> _DATA TO EXAMINE_

"""

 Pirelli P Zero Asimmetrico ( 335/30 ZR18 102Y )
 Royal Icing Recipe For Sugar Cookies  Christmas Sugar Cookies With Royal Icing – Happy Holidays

"""
"""

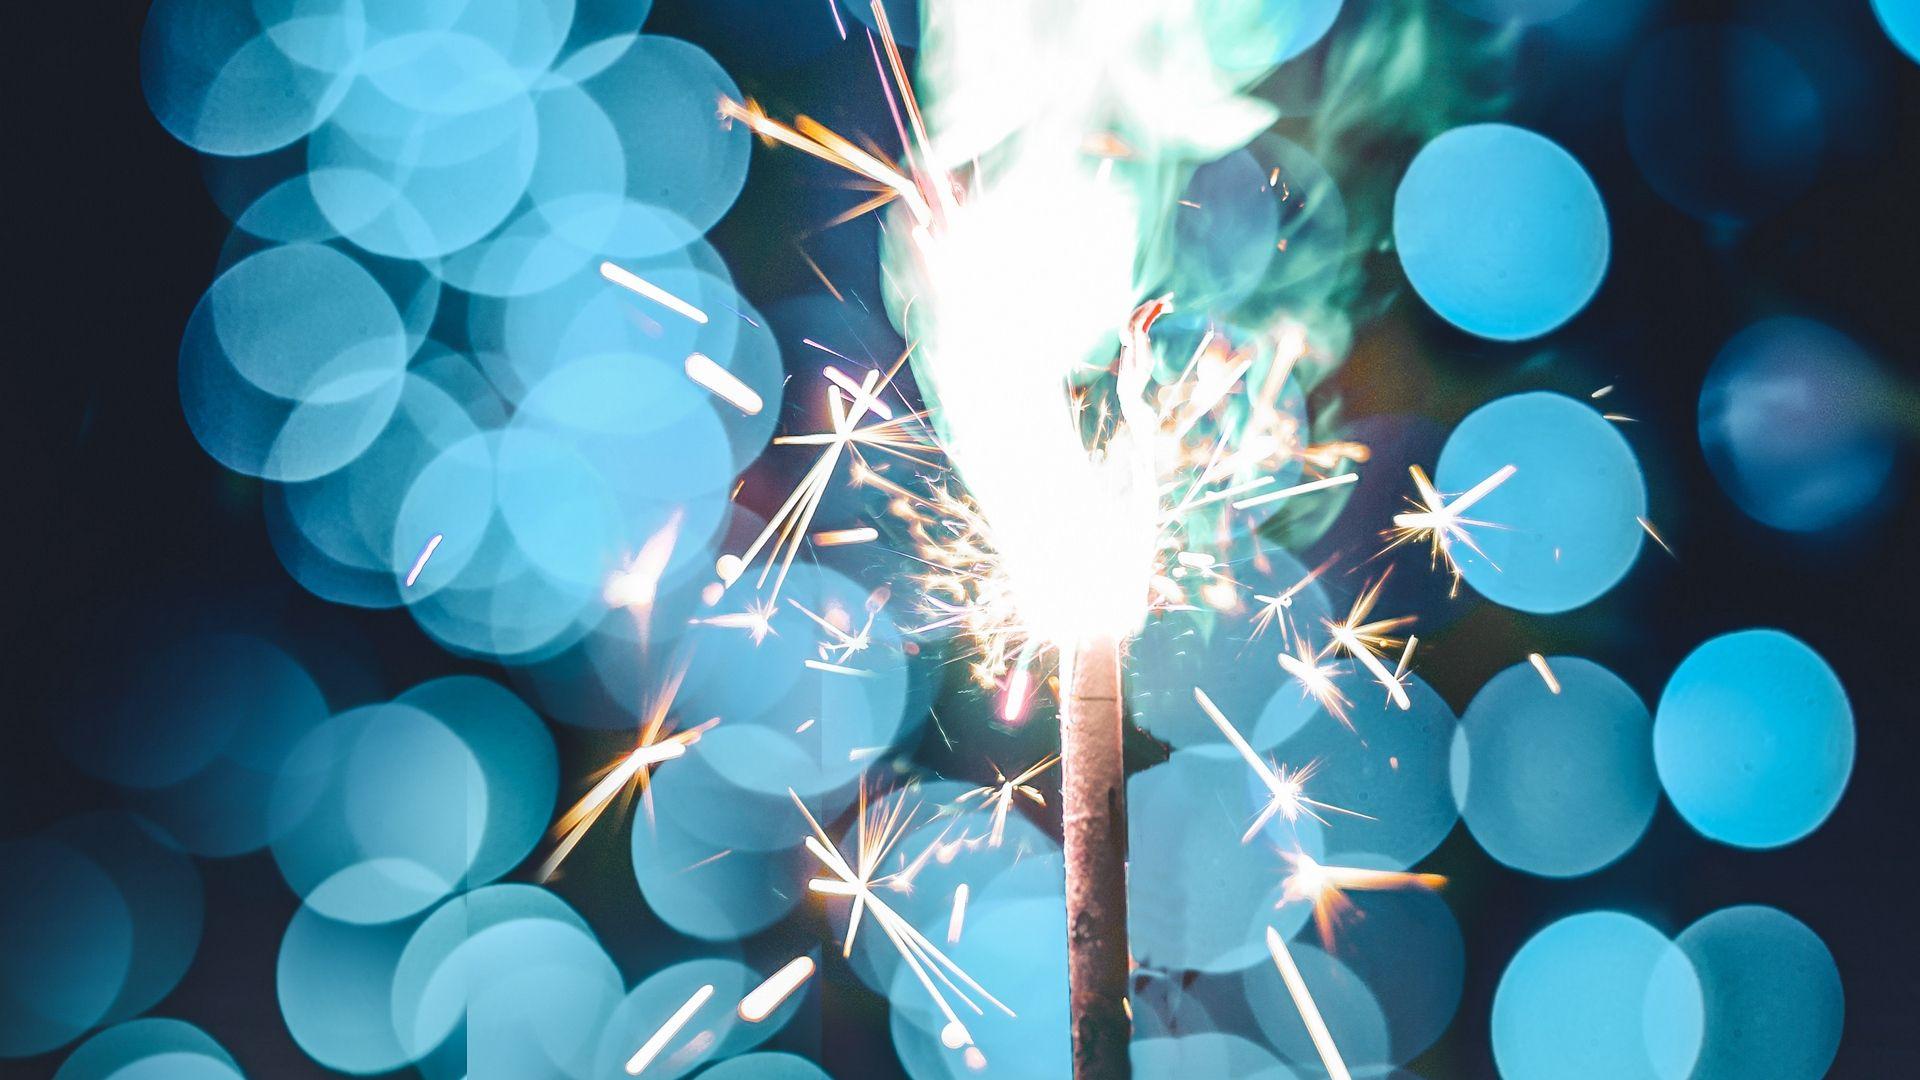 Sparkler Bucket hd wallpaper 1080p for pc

"""

> _DESCRIPTION OF THE TASK_
All lines above from the one with "Pirelli P Zero" to the one with "Royal Icing Recipe", inclusive, should be copied exactly, and no other lines.

> _ANSWER TO THE PROBLEM_
 Pirelli P Zero Asimmetrico ( 335/30 ZR18 102Y )
 Royal Icing Recipe For Sugar Cookies  Christmas Sugar Cookies With Royal Icing – Happy Holidays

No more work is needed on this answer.